Top of Supplied material

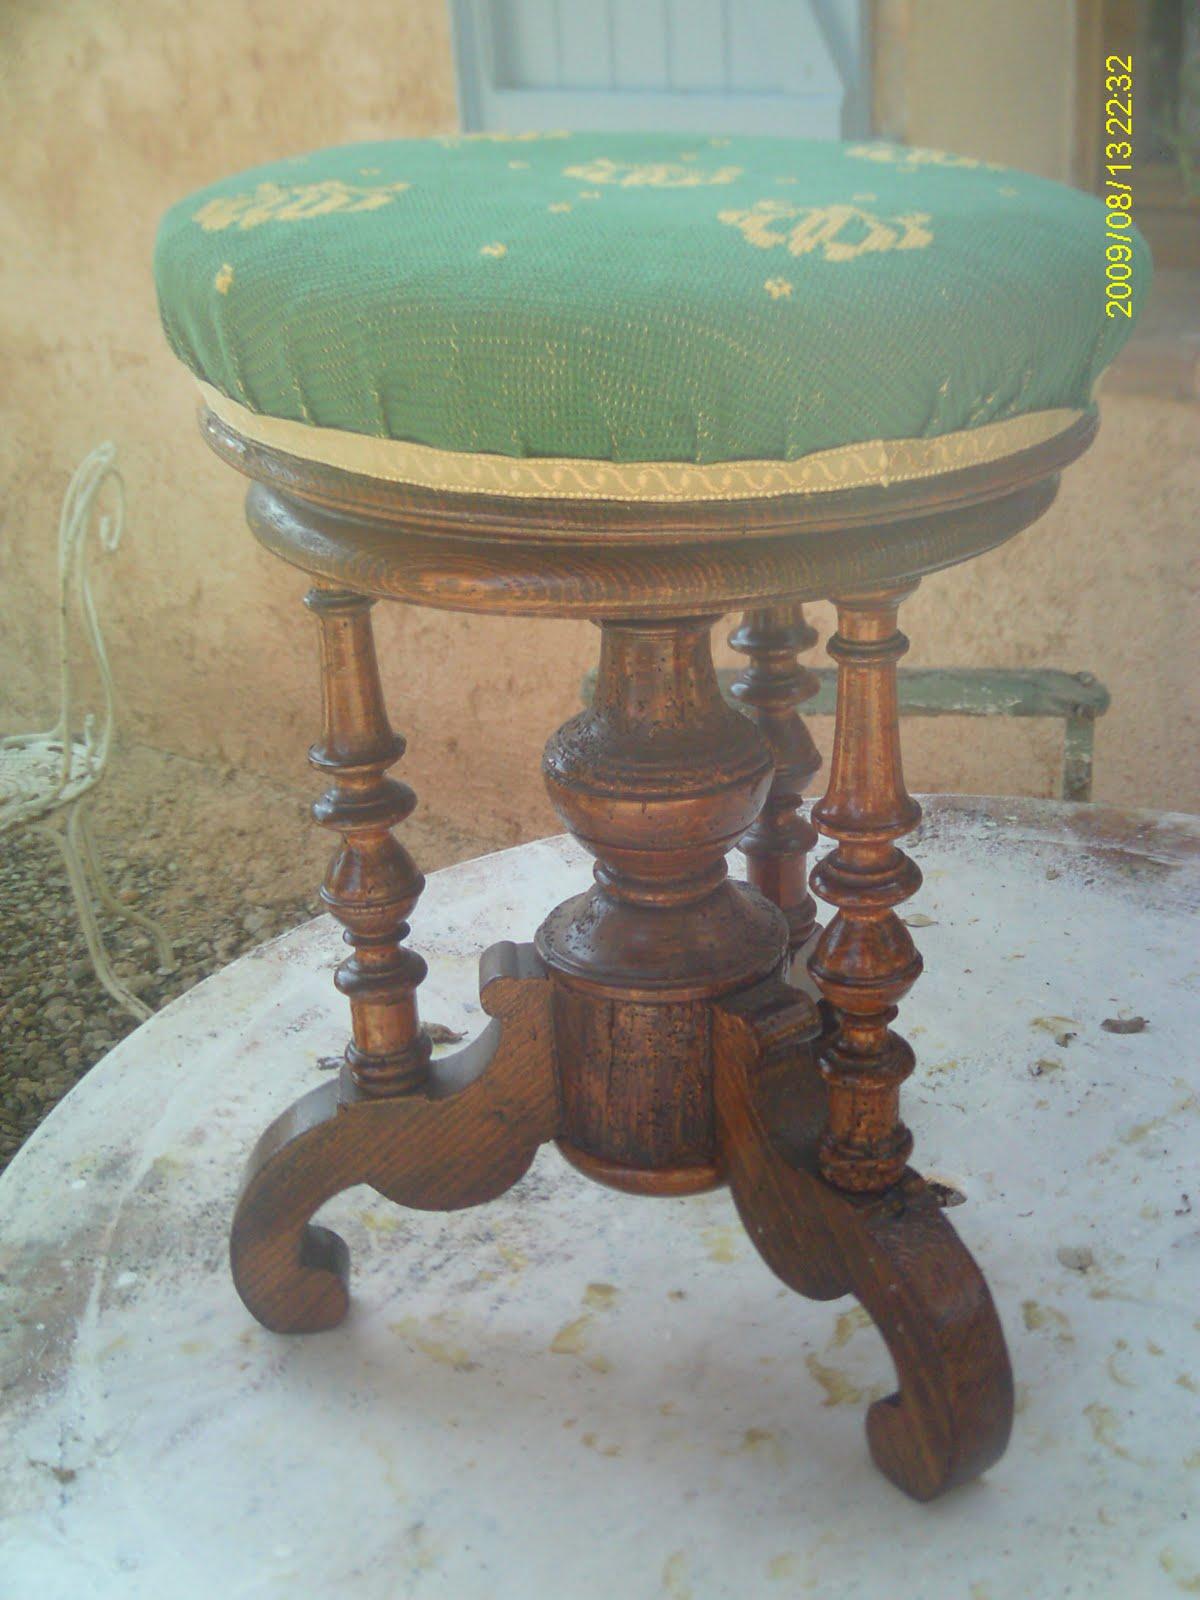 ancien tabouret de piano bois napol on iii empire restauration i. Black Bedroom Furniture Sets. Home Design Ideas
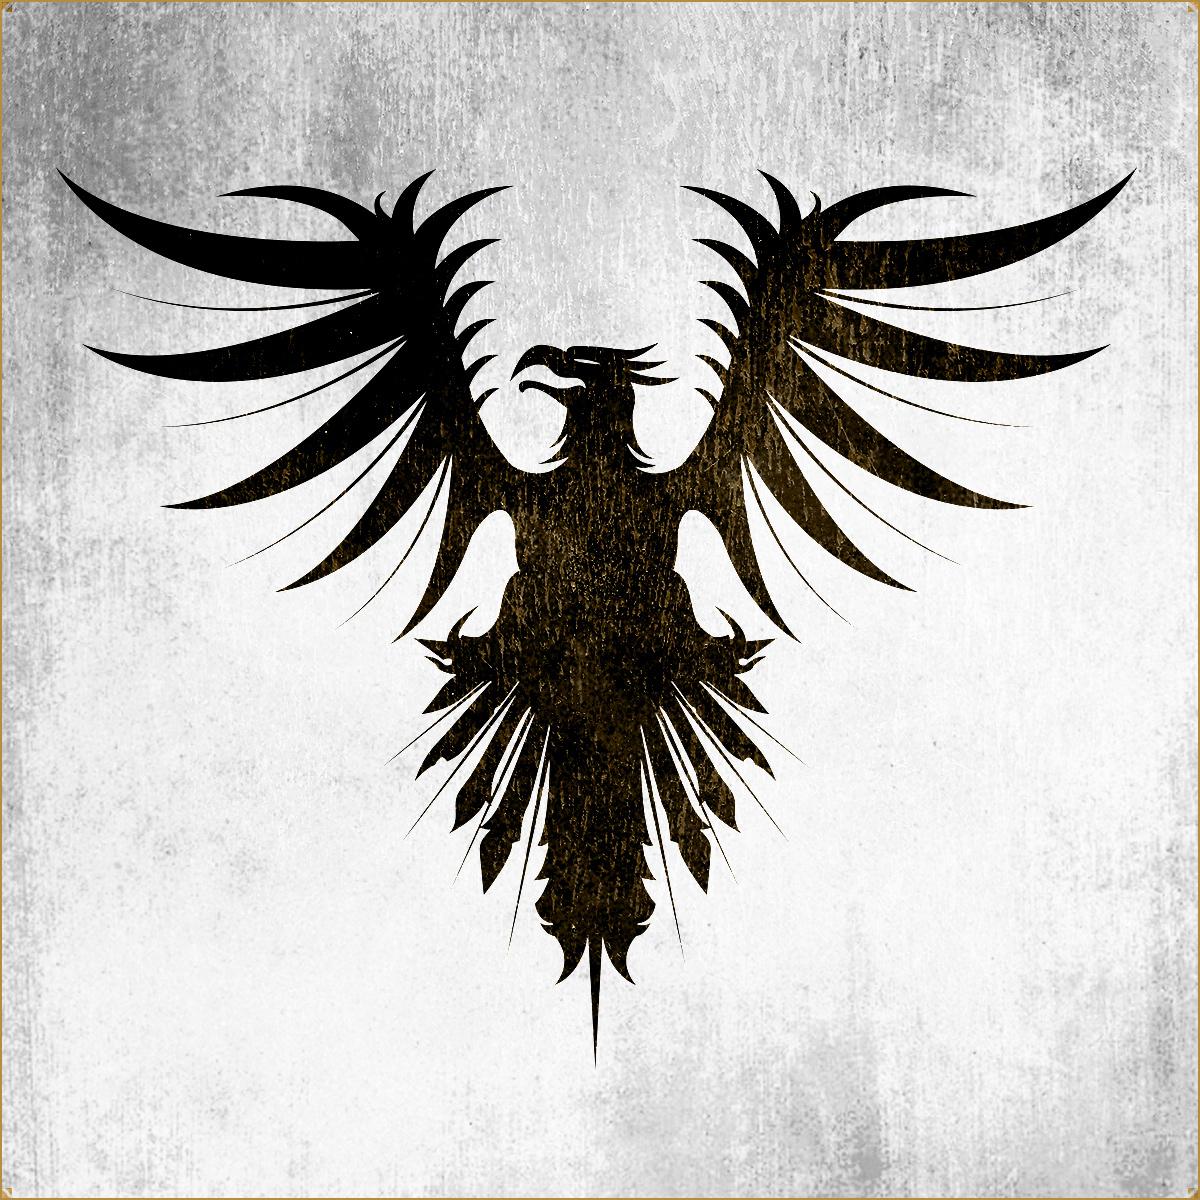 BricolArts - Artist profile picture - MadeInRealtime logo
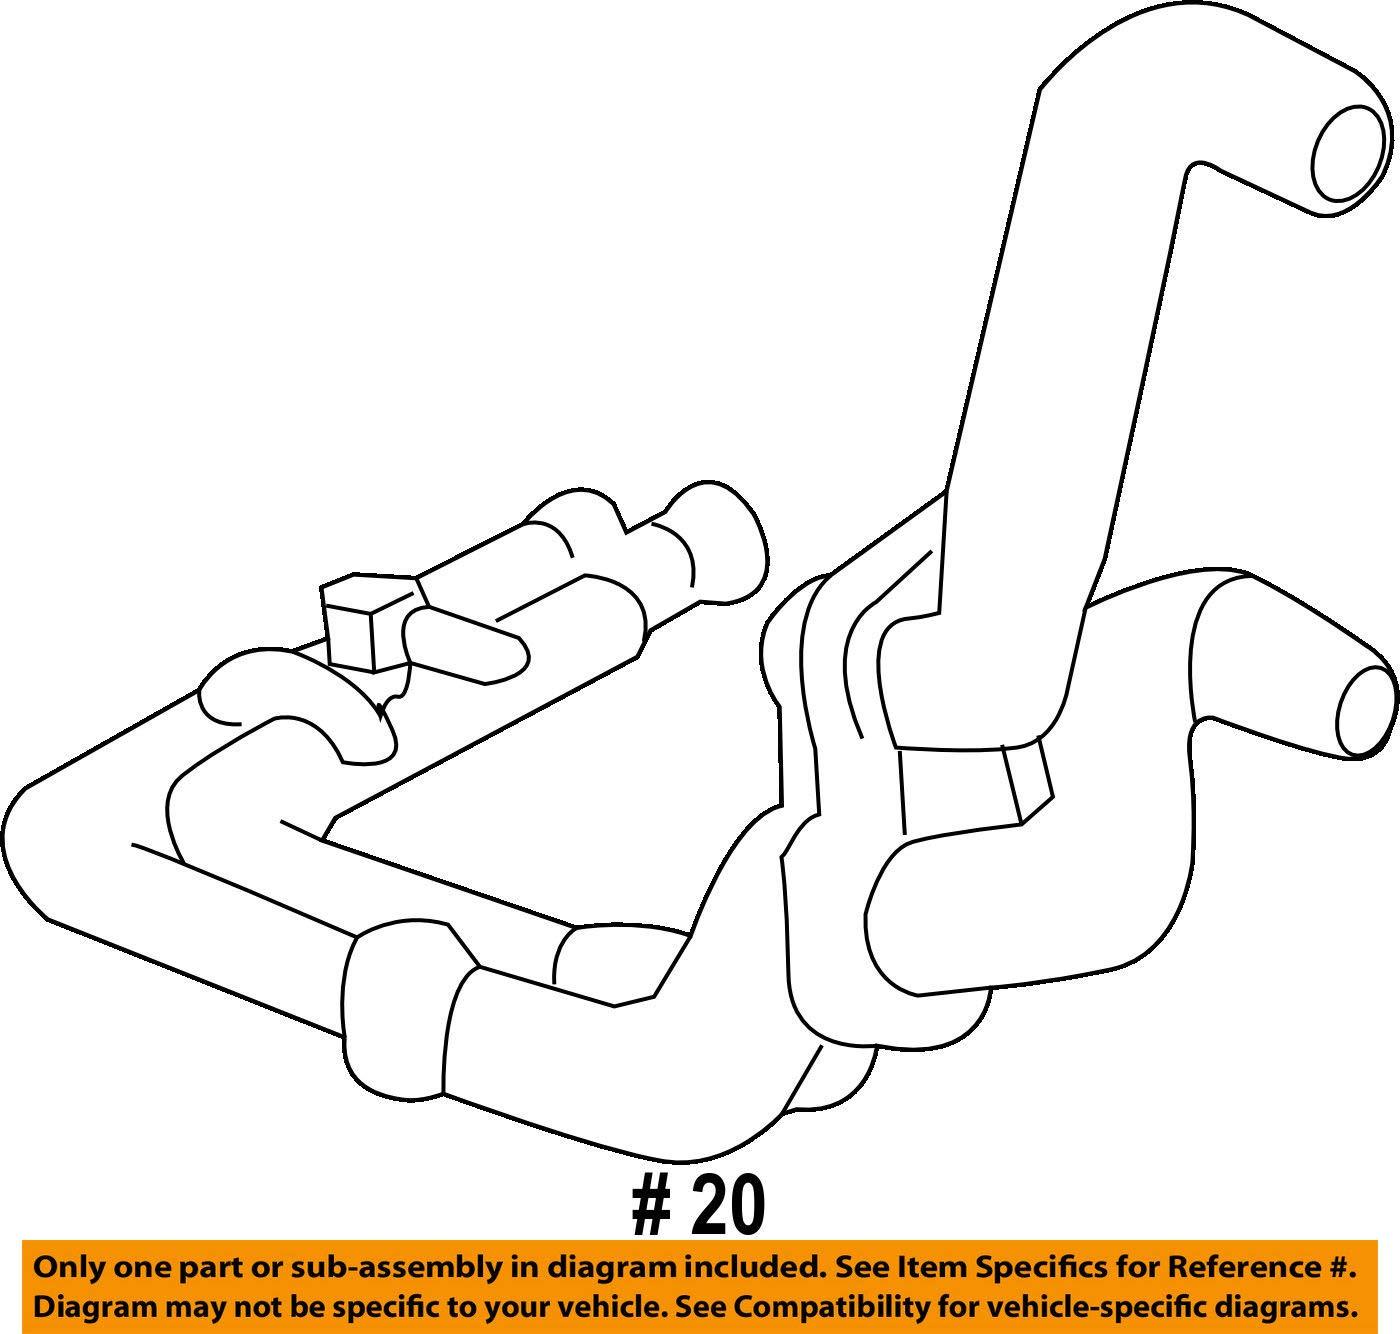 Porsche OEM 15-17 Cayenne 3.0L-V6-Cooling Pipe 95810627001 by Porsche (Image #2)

Bottom of Supplied material

- [Work required]: Repeat the lines above exactly, and keep every picture out.

- [Response below]:
 ancien tabouret de piano bois napol on iii empire restauration i. Black Bedroom Furniture Sets. Home Design Ideas
 BricolArts - Artist profile picture - MadeInRealtime logo
 Porsche OEM 15-17 Cayenne 3.0L-V6-Cooling Pipe 95810627001 by Porsche (Image #2)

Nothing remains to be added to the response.